* [WHAT NEEDS TO BE DONE]
Copy each line below exactly and leave the pictures out.

* [INFORMATION PROVIDED]
>>>>>

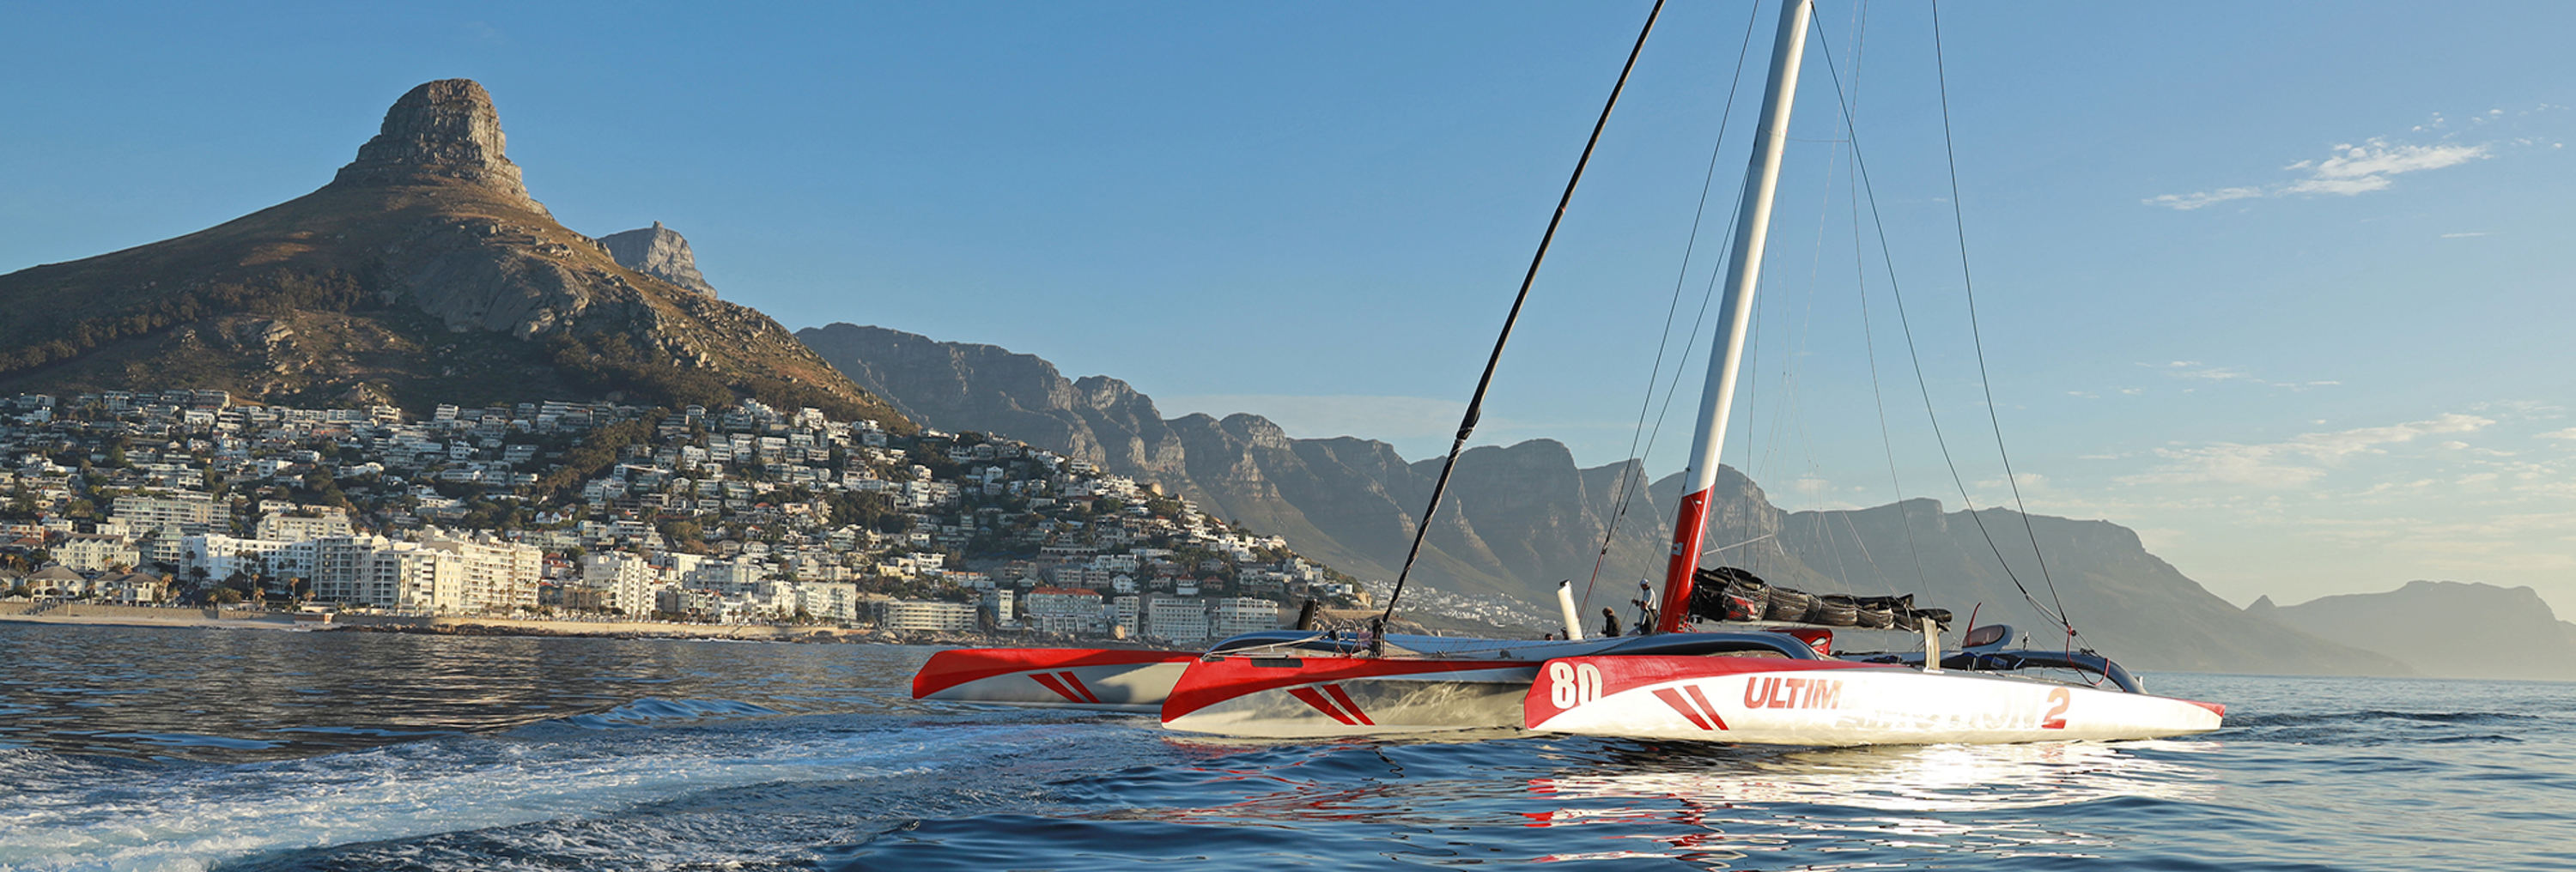 ULTIM EMOTION 2 : Available for Racing Charter
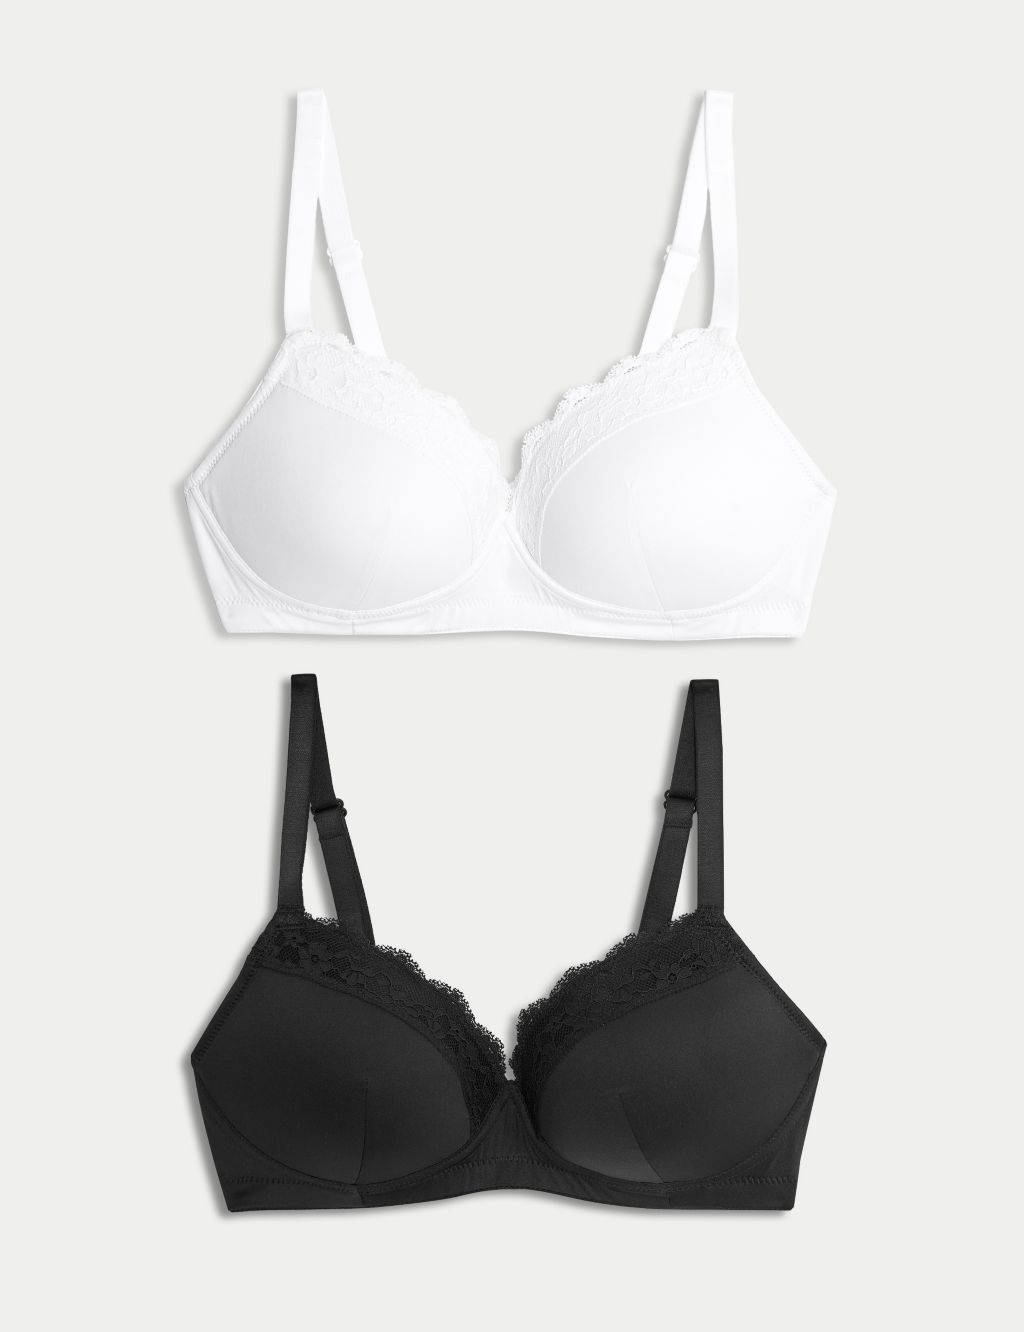 Buy Black/White Post Surgery Non Wired Lace Bras 2 Pack from the
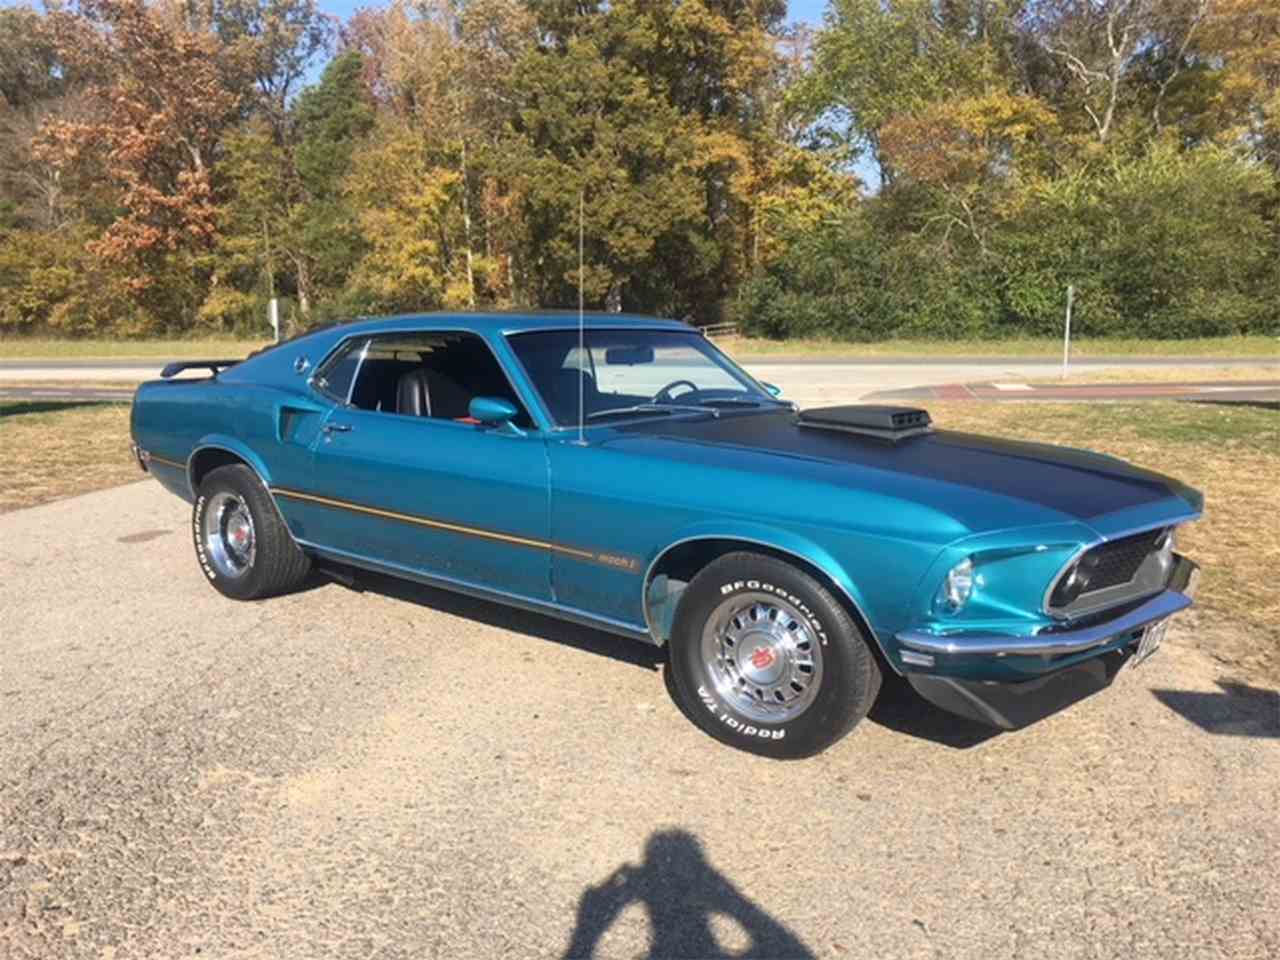 This '68 Mach 1 is priced at $47,000, but the seller was open to offers. | ClassicCars.com photo
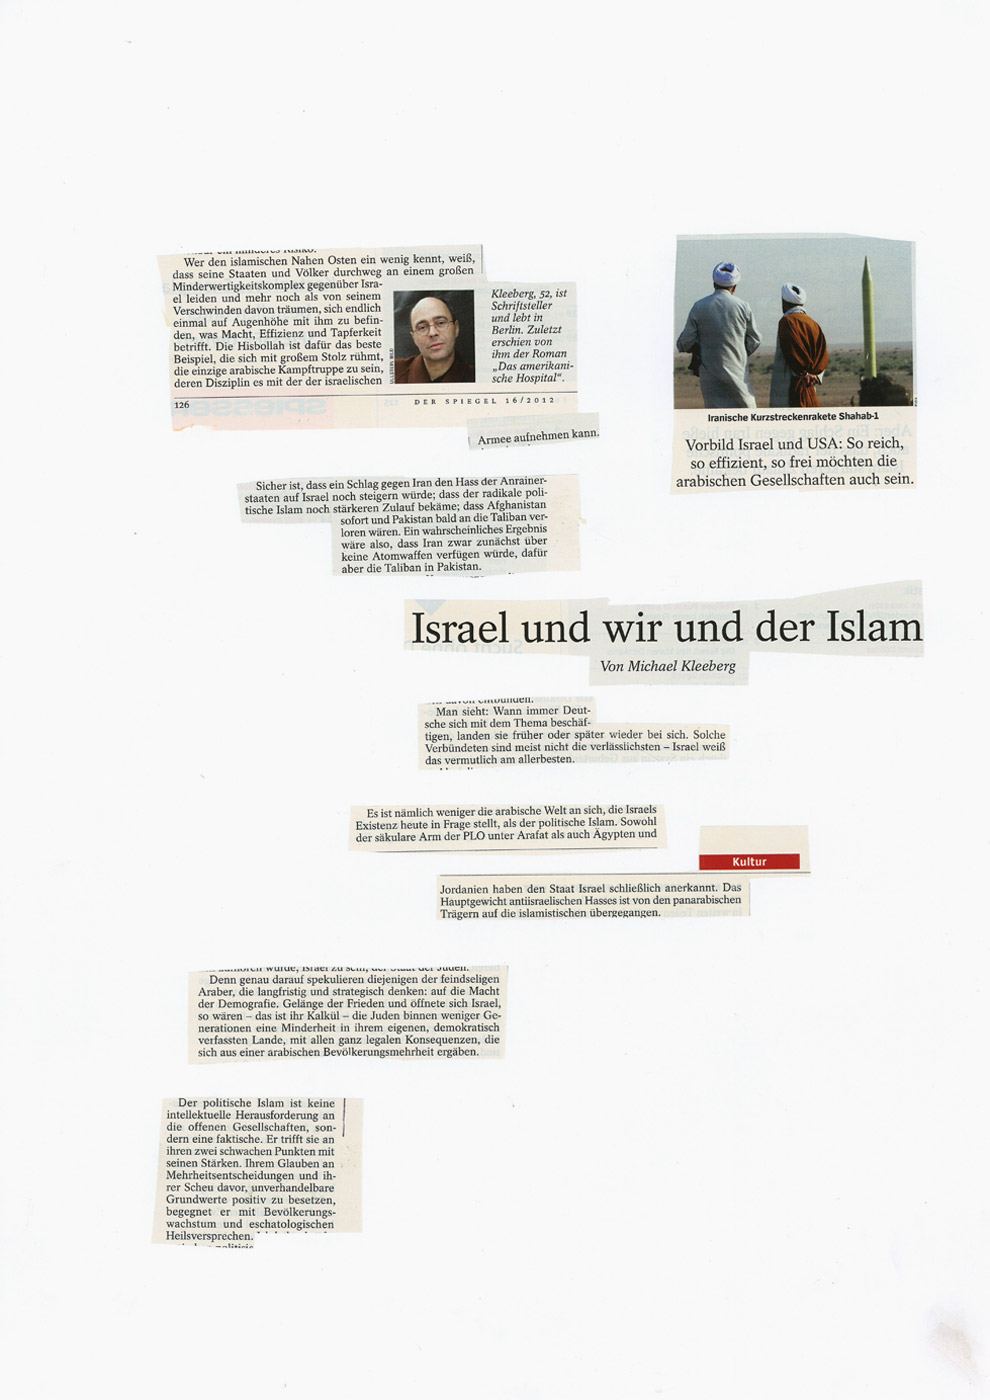 ter Hell · <strong>Israel und wir und der Islam</strong> [Israel and us and the Islam] · from the collage series 'L'article' · SpiegelBox 1 (2011–2013) · 42 x 30 cm

<<<<<

* [EXERCISE OUTPUT]
 ULTIM EMOTION 2 : Available for Racing Charter
 Buy Black/White Post Surgery Non Wired Lace Bras 2 Pack from the
 This '68 Mach 1 is priced at $47,000, but the seller was open to offers. | ClassicCars.com photo
 ter Hell · <strong>Israel und wir und der Islam</strong> [Israel and us and the Islam] · from the collage series 'L'article' · SpiegelBox 1 (2011–2013) · 42 x 30 cm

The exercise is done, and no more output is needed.